Quantcast
Channel: Planet Python
Viewing all articles
Browse latest Browse all 22465

PyBites: Case study: How to parse nested JSON

$
0
0

I was asked to help parse a JSON file that is delivered by the iTunes Store Customer Reviews API JSON endpoint. It is not so important how this API works or if there are better APIs for this. Instead, let’s assume that we found our favorite API to work with and that our request makes perfect sense and now we have to deal with the API’s response, JSON in this case. This article will guide you through the necessary steps to parse this JSON response into a pandas DataFrame.
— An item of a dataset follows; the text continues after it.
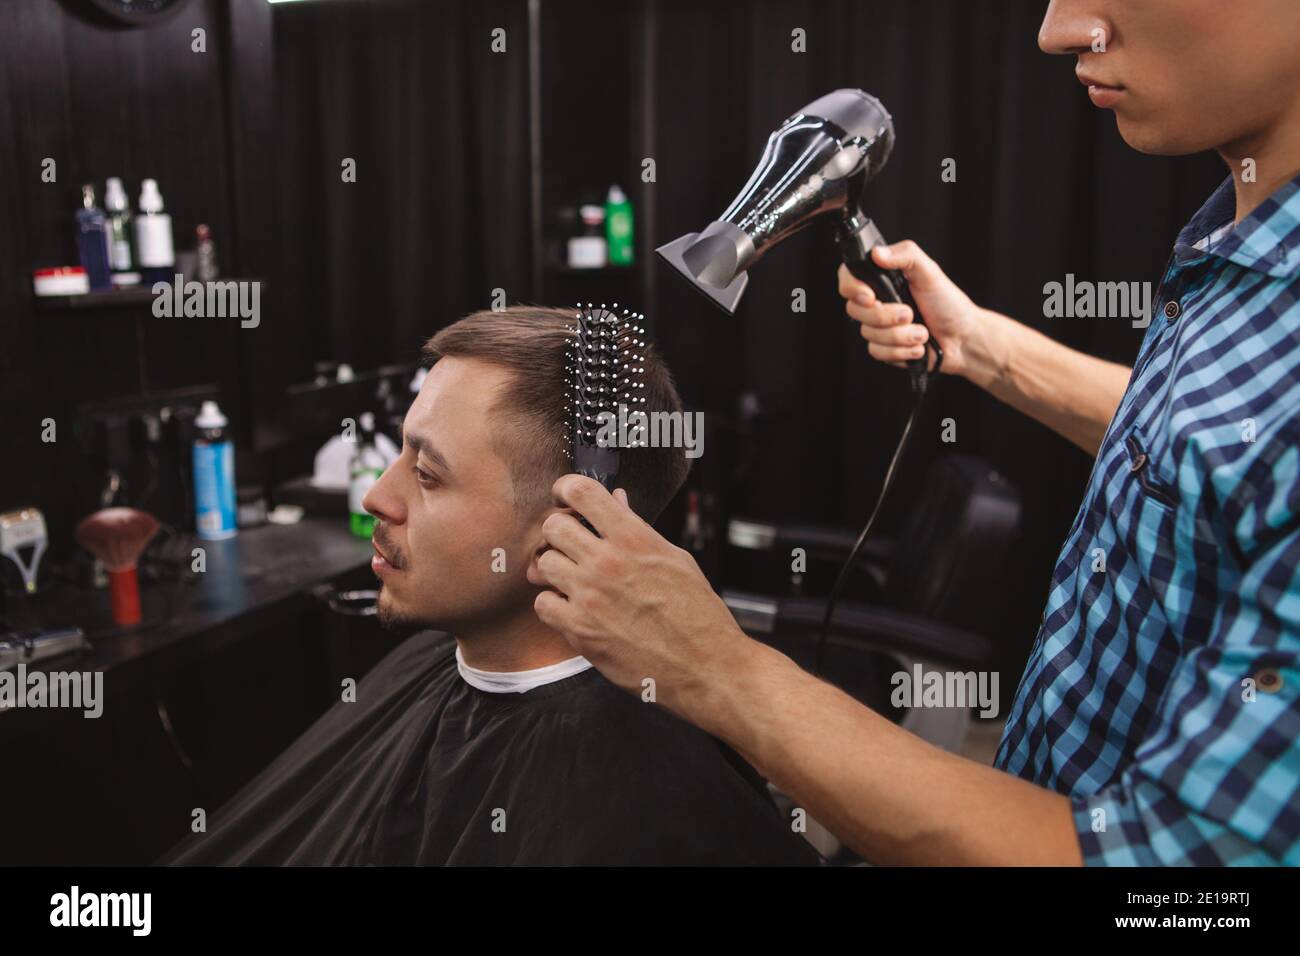 Mature man enjoying getting a new hairstyle by professional barber. Hairstylist blow drying hair of a male client. Barbershop, hair care concept Stock Photo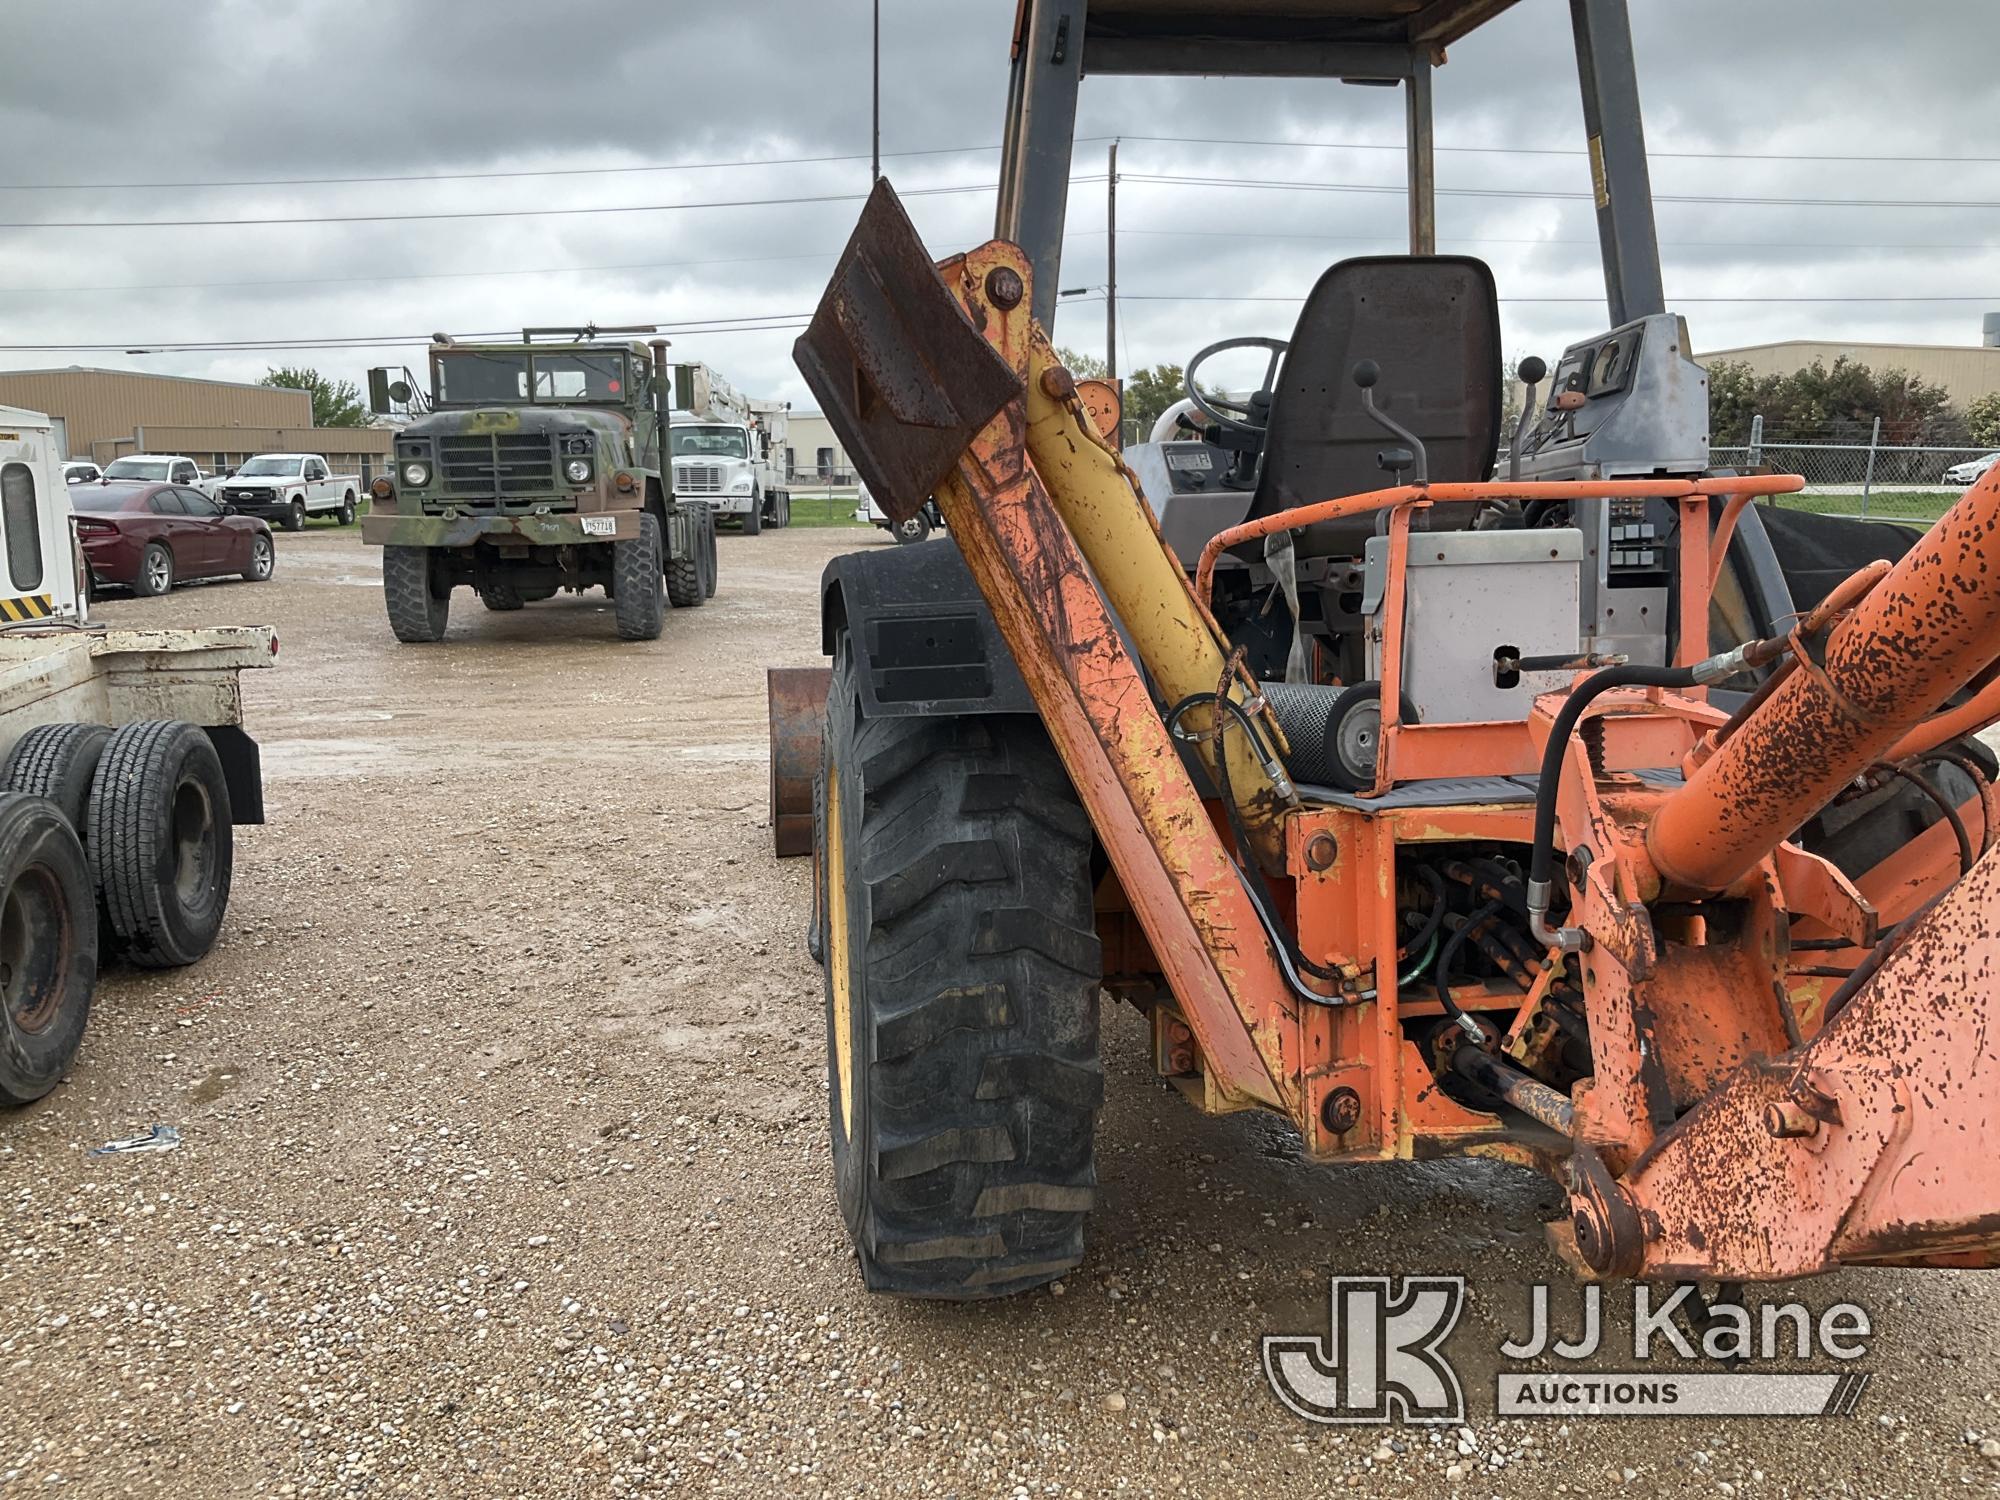 (Waxahachie, TX) 1992 Ford 555C Tractor Loader Backhoe Not Running, Condition Unknown, Flat Tires) (

I will focus heavily on the concepts and code development and less on explaining each line of code. Ideally, you should be already familiar with at least a little Python and its standard data types, most importantly dictionaries.

First, I want to understand what I am dealing with and because the display of the JSON response is not so nice for the original URL, I use a JSON pretify tool like http://jsonprettify.com/.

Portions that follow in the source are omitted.